Garbage collection in C++

J

James Kanze

"James Kanze" <[email protected]> wrote in message
[...]
That is, of course, the most obvious bullshit I've ever
seen. There are cases where garbage collection isn't
appropriate, and cases where it is necessary.
Humm.. Can you give an example or two of a scenario in which a
GC is absolutely required/necessary?

Off hand, no, but I think Hans Boehm had one.
For some reason, I can't seem to think of one off the top of
my head. What am I missing? Perhaps I misunderstand your use
of the word "necessary"...

Sort of. The statement wasn't meant to be taken as giving any
absolute limits, but rather simply to indicate that there is a
great range. (Of course, if you have limited resources to
develop the code, and garbage collection means you need to write
less lines of code---which it usually does---you could argue
that it is necessary to develop the code within budget.)
I have seen a couple of cases in which a GC covered up more
than a "simple memory leak". Simple example... What if the
memory leak was entangled in a logic error that sometimes
caused weird execution results. If the programmer was alerted
to the memory leak, perhaps he/she could have noticed the
logic error as well. Of course, this is highly contrived case.
However, it can occur.

Not with any of the organizations I've worked with. In the ones
which took quality seriously, code review and tests would have
detected the error. In the other ones, the leak likely would
have gone undetected.

Dangling pointers are a different issue. Garbage collection
allows reliable detection of dangling pointers to dynamically
allocated memory (but not to local variables); without garbage
collection, you can't detect the case reliably. And dangling
pointers are a known security risk for programs connecting to an
open network.
One bad thing about GC is that it sometimes pulls programmers
into a false sense of security,

Garbage collection is just a bunch of code. It doesn't "pull"
programmers in any way. Anthropomorphic analogies really don't
apply; code is not a living being.
and they end up creating a sloppy design. This is NOT the
fault of the GC, but of the lazy programmer.
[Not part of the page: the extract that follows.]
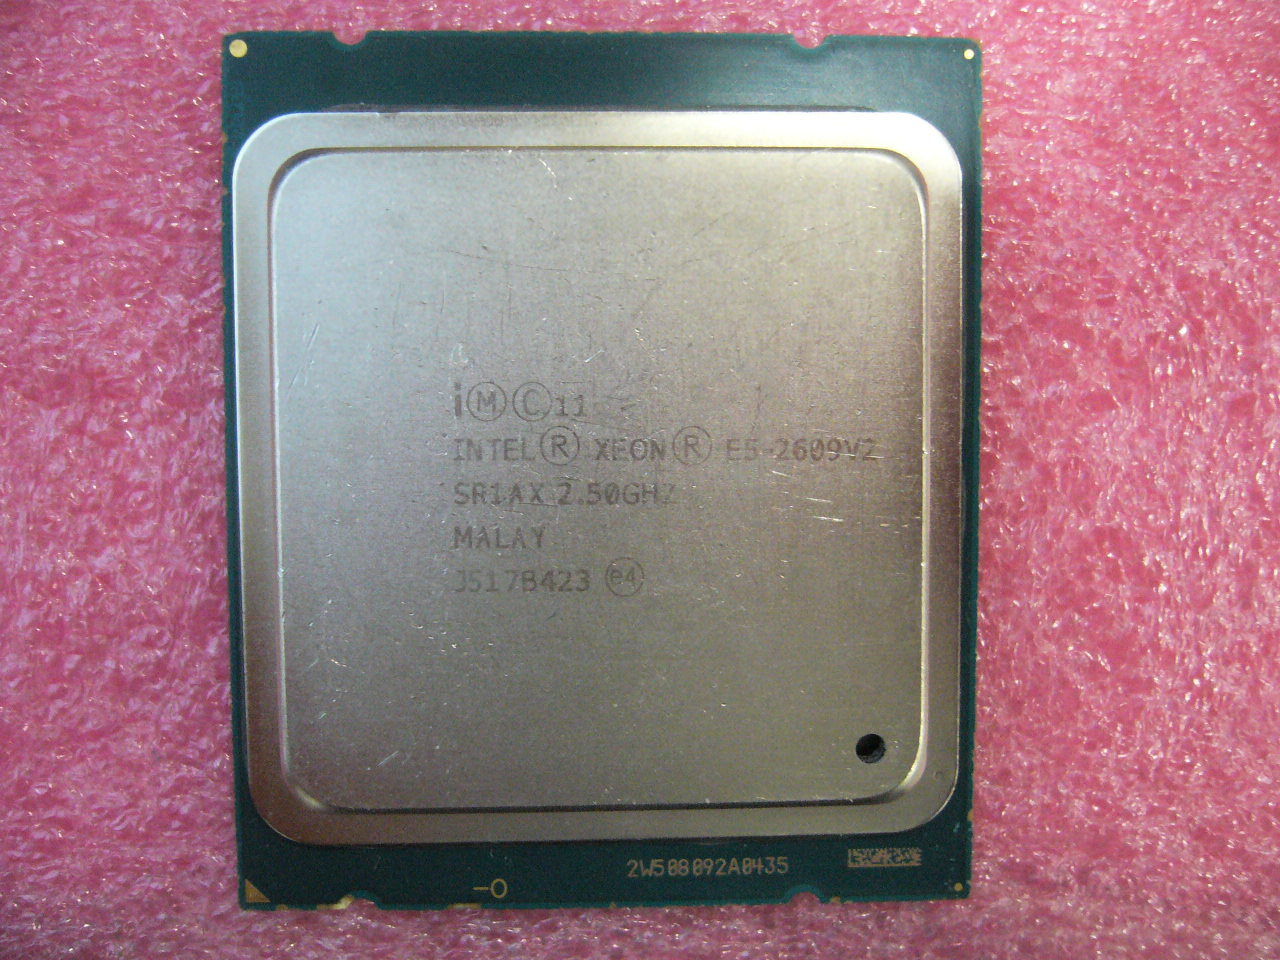 QTY 1x Intel CPU E5-2609 V2 Xeon CPU 4-Cores 2.5Ghz LGA2011 SR1AX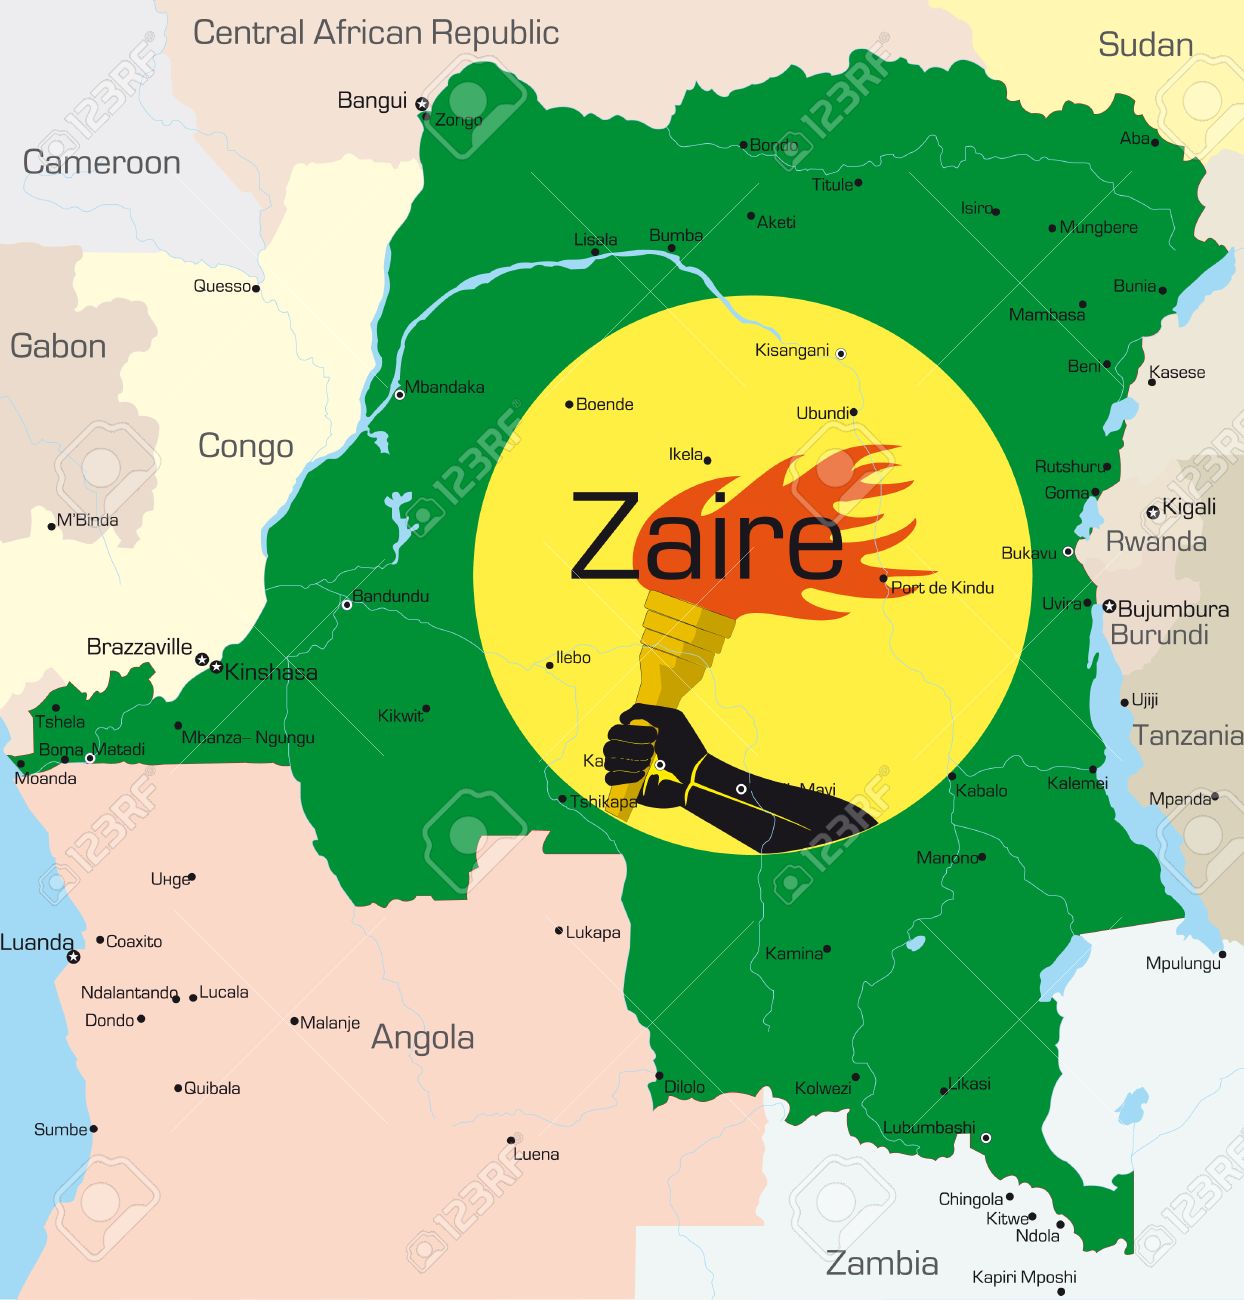 Le 27 octobre 1971, la République démocratique du Congo devient Zaïre. – Babunga raconte…

Or the incompetent one. Or the mismanaged one. But programmers
don't need garbage collection to be lazy, incompetent or
mismanaged.
One can create efficiently engineered programs _and_ use a GC
at the same time.

Certainly. And that's why it should be an available option, to
be used as appropriate.
 
S

Stefan Ram

James Kanze said:
won't give you a saw, because you might cut yourself. C++ gives
you a chain saw, a rip saw, a band saw, and a couple of other

This reminds me of:

»Like Perl, C++ is a swiss army chainsaw of a programming
language. Unlike Perl, it's got all the blades
simultaneously and permanently cast in a fixed half-open
position. Don't turn it on.«

http://fare.livejournal.com/135078.html

My usual set of quotations regarding garbage collection
might be known to some readers:

»There were two versions of it, one in Lisp and one in
C++. The display subsystem of the Lisp version was faster.
There were various reasons, but an important one was GC:
the C++ code copied a lot of buffers because they got
passed around in fairly complex ways, so it could be quite
difficult to know when one could be deallocated. To avoid
that problem, the C++ programmers just copied. The Lisp
was GCed, so the Lisp programmers never had to worry about
it; they just passed the buffers around, which reduced
both memory use and CPU cycles spent copying.«

<[email protected]>

»A lot of us thought in the 1990s that the big battle would
be between procedural and object oriented programming, and
we thought that object oriented programming would provide
a big boost in programmer productivity. I thought that,
too. Some people still think that. It turns out we were
wrong. Object oriented programming is handy dandy, but
it's not really the productivity booster that was
promised. The real significant productivity advance we've
had in programming has been from languages which manage
memory for you automatically.«

http://www.joelonsoftware.com/articles/APIWar.html

»[A]llocation in modern JVMs is far faster than the best
performing malloc implementations. The common code path
for new Object() in HotSpot 1.4.2 and later is
approximately 10 machine instructions (data provided by
Sun; see Resources), whereas the best performing malloc
implementations in C require on average between 60 and 100
instructions per call (Detlefs, et. al.; see Resources).
And allocation performance is not a trivial component of
overall performance -- benchmarks show that many
real-world C and C++ programs, such as Perl and
Ghostscript, spend 20 to 30 percent of their total
execution time in malloc and free -- far more than the
allocation and garbage collection overhead of a healthy
Java application (Zorn; see Resources).«

http://www-128.ibm.com/developerworks/java/library/j-jtp09275.html?ca=dgr-jw22JavaUrbanLegends

»Perhaps the most important realisation I had while developing
this critique is that high level languages are more important
to programming than object-orientation. That is, languages
which have the attribute that they remove the burden of
bookkeeping from the programmer to enhance maintainability and
flexibility are more significant than languages which just
add object-oriented features. While C++ adds object-orientation
to C, it fails in the more important attribute of being high
level. This greatly diminishes any benefits of the
object-oriented paradigm.«

http://burks.brighton.ac.uk/burks/pcinfo/progdocs/cppcrit/index005.htm
 
J

James Kanze

Attention! In practice the above is FALSE!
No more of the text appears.